FOR JAMES VANDENBERG, THE MEMORY REMAINS CLEAR. IT WAS NOV. 14, 2009, AND THE then redshirt freshman was preparing to make his first start. He was understandably nervous. He had completed just 11 career passes, and the stakes were enormous: No. 15 Iowa was about to play No. 10 Ohio State in Columbus. The winner would earn at least a share of the Big Ten title and a trip to the Rose Bowl. A week earlier, against Northwestern, the Hawkeyes had not only watched their undefeated record slip away but also lost their starting quarterback, Ricky Stanzi, to an ankle injury. Now the pressure was on.

Vandenberg played valiantly, completing 20 of 33 for 233 yards and two touchdowns, including a 10-yard fade to Marvin McNutt to tie the score late in the fourth quarter. And although Iowa went on to lose 27--24 in an overtime heartbreaker, a leader was born.

"That's the first time I really understood what a game week was like," recalls Vandenberg. "The one thing I remember was a lot of the veteran players having my back."

Nearly three years later the situation is flipped. Vandenberg, a human physiology major, is now a senior, and the rest of the offense is raw. And for the Hawkeyes to compete, Vandenberg again has to lead the charge.

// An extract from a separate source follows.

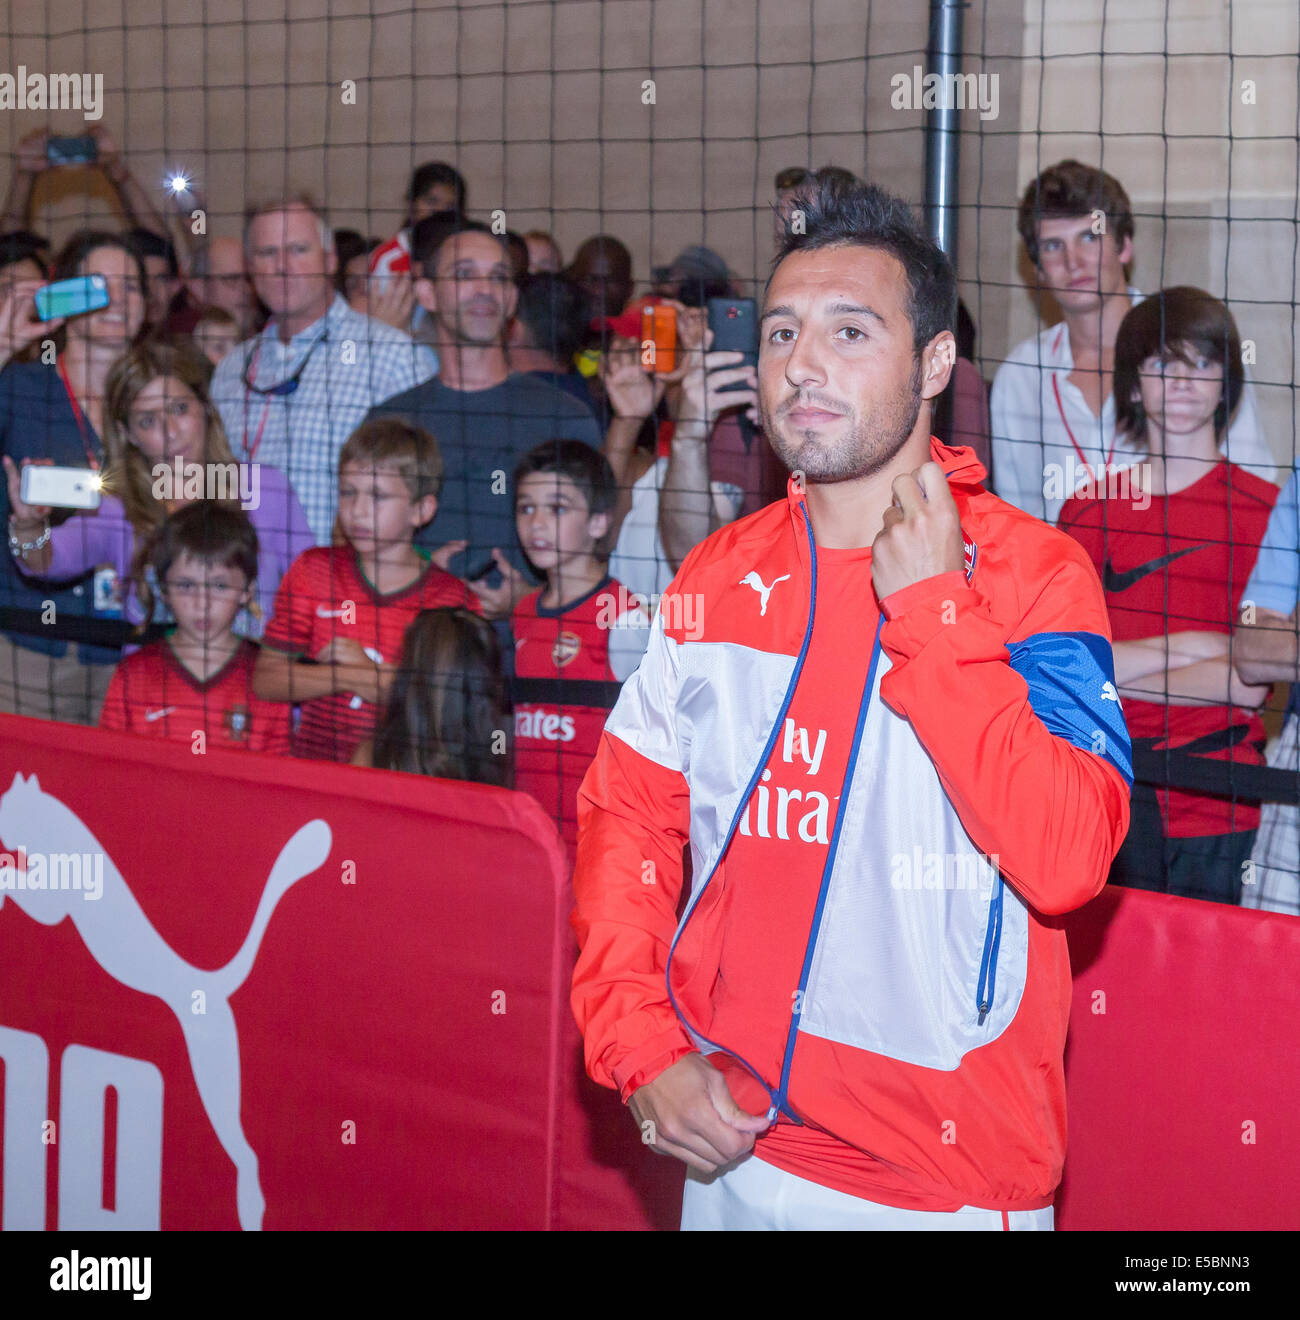 New York, NY, USA - July 25, 2014: Arsenal  football player Santi Cazorla attends the PUMA partners with Arsenal Football Club to Debut Monumental Cannon event in Grand Central Station in New York City. Credit:  Sam Aronov/Alamy Live News Stock Photo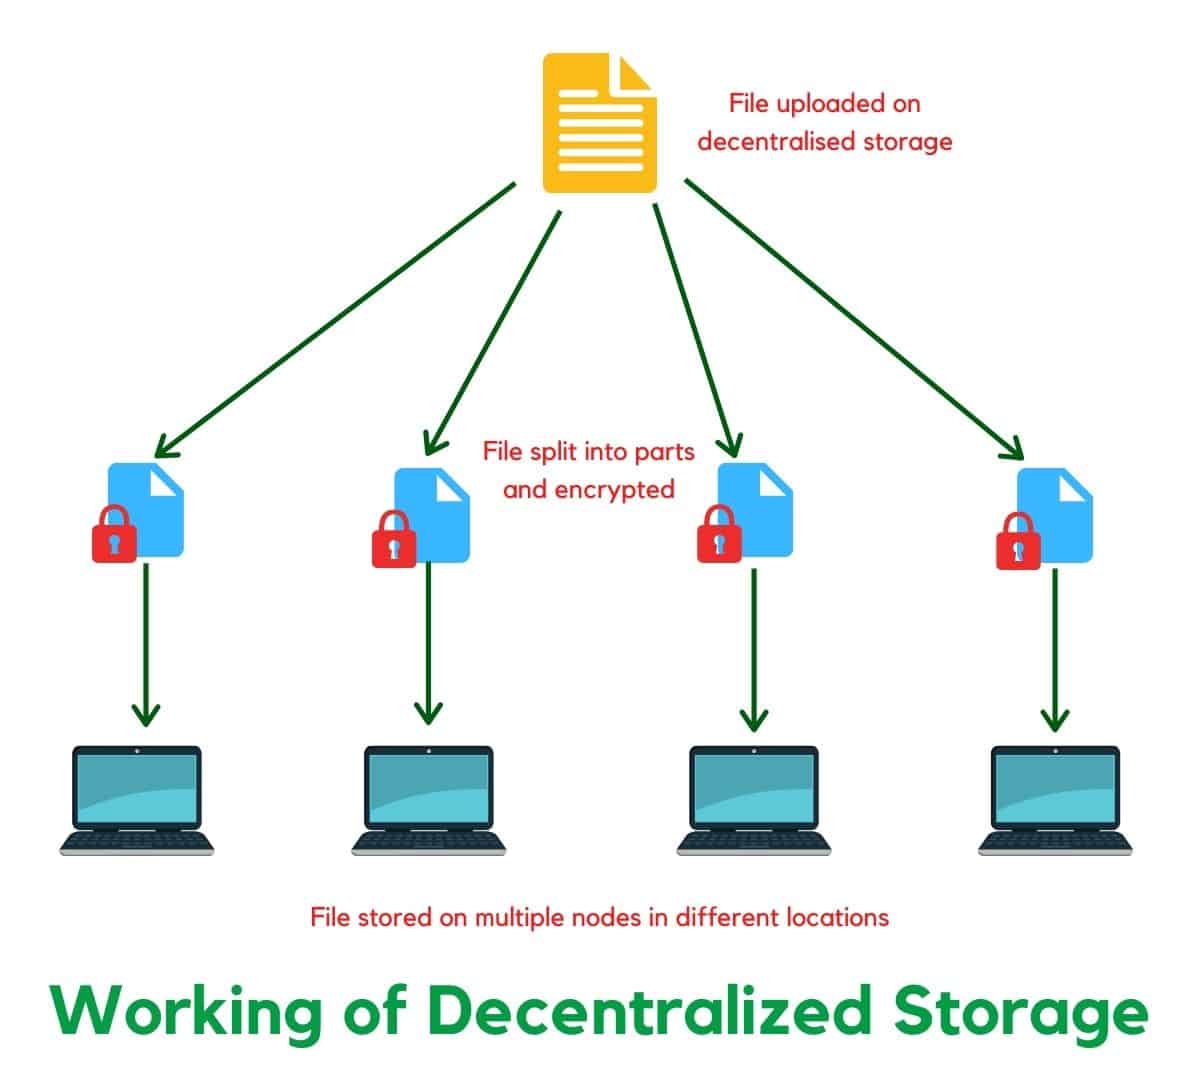 Decentralized Data Storage - What is it and How Does it Work

"I need to be an even bigger leader than I was before," he says. "As you get older, you start to feel that urgency more."

His task won't be easy. The Hawkeyes have lost both McNutt, the program's alltime leader in receiving touchdowns and yards, and Marcus Coker, their troubled but talented running back, who transferred to Stony Brook last January after various disciplinary run-ins. Vandenberg will be expected to mentor underclassmen while bettering his 2011 totals of 3,022 passing yards and 25 touchdowns.

He'll also have to do it while learning an unfamiliar playbook. Longtime Texas assistant Greg Davis takes over as offensive coordinator, bringing with him a new set of strategies and schemes.

"It's been a challenge, and I wouldn't consider it a simple system by any means," says Vandenberg. "But I think we've caught on rather quickly. We've all been really sparked by his enthusiasm for the game."

Vandenberg arrived on campus the summer before his freshman year at a lanky 6' 3" and 195 pounds. Despite throwing for 7,701 career yards and setting an Iowa state high school record with 93 career passing touchdowns at Keokuk High, less than 100 miles from Iowa City, he wasn't sure how he'd fit in at the collegiate level. That's when Pat Angerer, a returning linebacker, approached him at a workout.

"He just pushed me [to] the ground and said, 'You wanna go to the pool, you big sissy?' " says Vandenberg, now a heftier 212 pounds. "I vividly remember thinking, It's gonna be a great year."